Other academic partners in the node include Longwood University, Virginia State University and Virginia Union University, as well as regional community colleges.
As part of the initiative, VCU plans to double its student body in the College of Engineering. The Digital Economy Building will include suites of computer science studios, designed in cooperation with industry to reflect real-world workspaces. It will also be built to accommodate future 6G wireless telecommunications needs.
“This is a new industrial revolution happening and … it’s centrally located in Virginia,” Boyan says.
Apropos of its high-tech goals, the CCI Northern Virginia node will operate as a “distributed node” or virtual entity, says Deborah Crawford, vice president for research at George Mason University.
Its education partners include five universities (George Washington University, Marymount University, James Madison University, University of Mary Washington and Shenandoah University), 10 Northern Virginia public school systems and three community colleges.
Industry partners are led by Amazon, Booz Allen Hamilton, CACI International Inc., The MITRE Corp. and SAIC Inc.
“What we’ve learned so far is that there is a heck of a lot going on,” Crawford says. “It would be fair to say that each of us who have attended these meetings have learned something new … about a capability that exists in our region that we weren’t aware of.”
Dubbed the Coastal Center for Cyber Innovation, the CCI Southeast node will be housed in Old Dominion University’s Virginia Modeling, Analysis & Simulation Center as well as its Center for Cybersecurity Education and Research.

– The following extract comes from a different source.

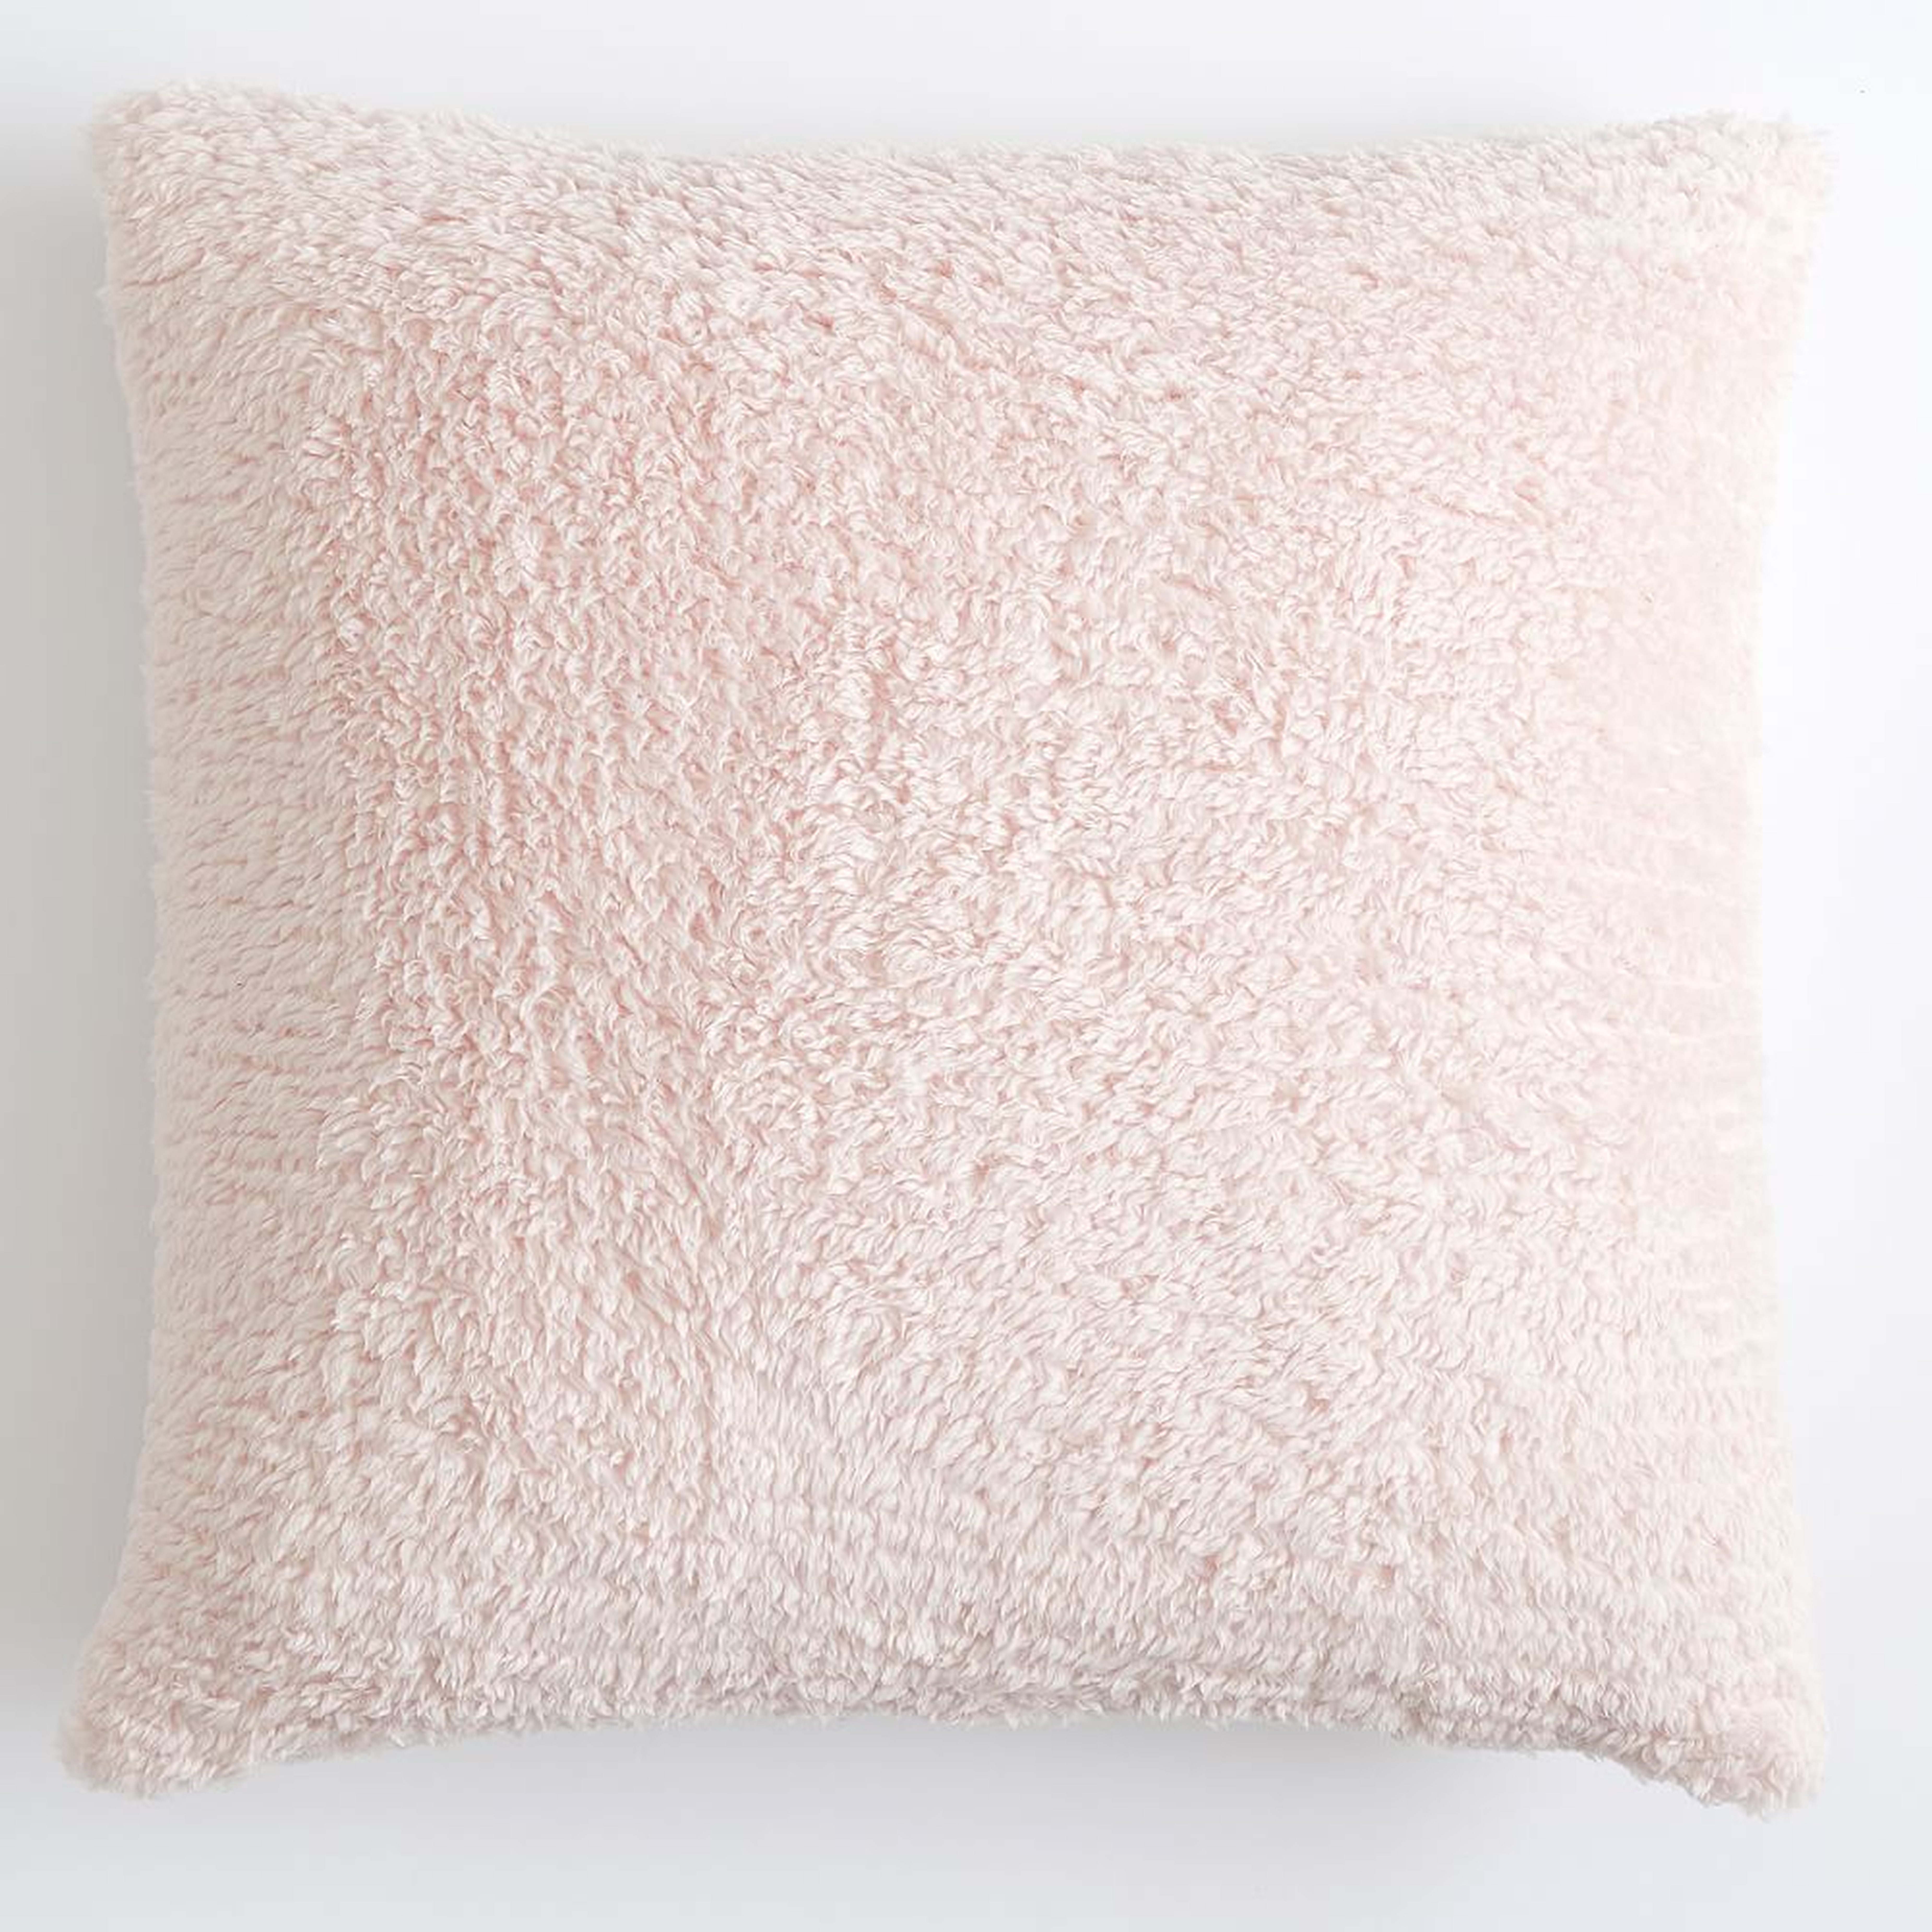 Cozy Euro Recycled Sherpa Pillow Cover, 26x26, Powdered Blush - Pottery Barn Teen

The Southeast node will have a particular focus on security issues surrounding maritime transportation as well as other emerging technologies, including artificial intelligence, says ODU Vice Provost for Academic Affairs Brian Payne.
In addition to ODU, the nodes’ educational partners will include the College of William & Mary, Norfolk State University and Christopher Newport University.
Its business partners are cybersecurity and information technology firms: Cybrex LLC; G2 Ops Inc., MI Technical Solutions; Peregrine Technical Solutions; RFK Solutionz; and SimIS Inc.
Additional partners include the Regent University Institute for Cybersecurity, Virginia Space Grant Consortium and Virginia Cyber Alliance.
In addition to leading the CCI hub, Virginia Tech also spearheads the CCI Southwest regional node.
Its other higher education partners will include Liberty University, Radford University and the University of Virginia’s College at Wise as well as local community colleges.
Corporate partners in the Southwest node include autonomous vehicles company Torc Robotics (recently acquired by Daimler AG) and block.one LLC, a blockchain software solutions developer.
“As technologies evolve,” says Virginia Tech’s Mayer, “it’s very important that the Commonwealth Cyber Initiative is able to evolve with that and always be tapping into the leading and potentially disruptive companies.”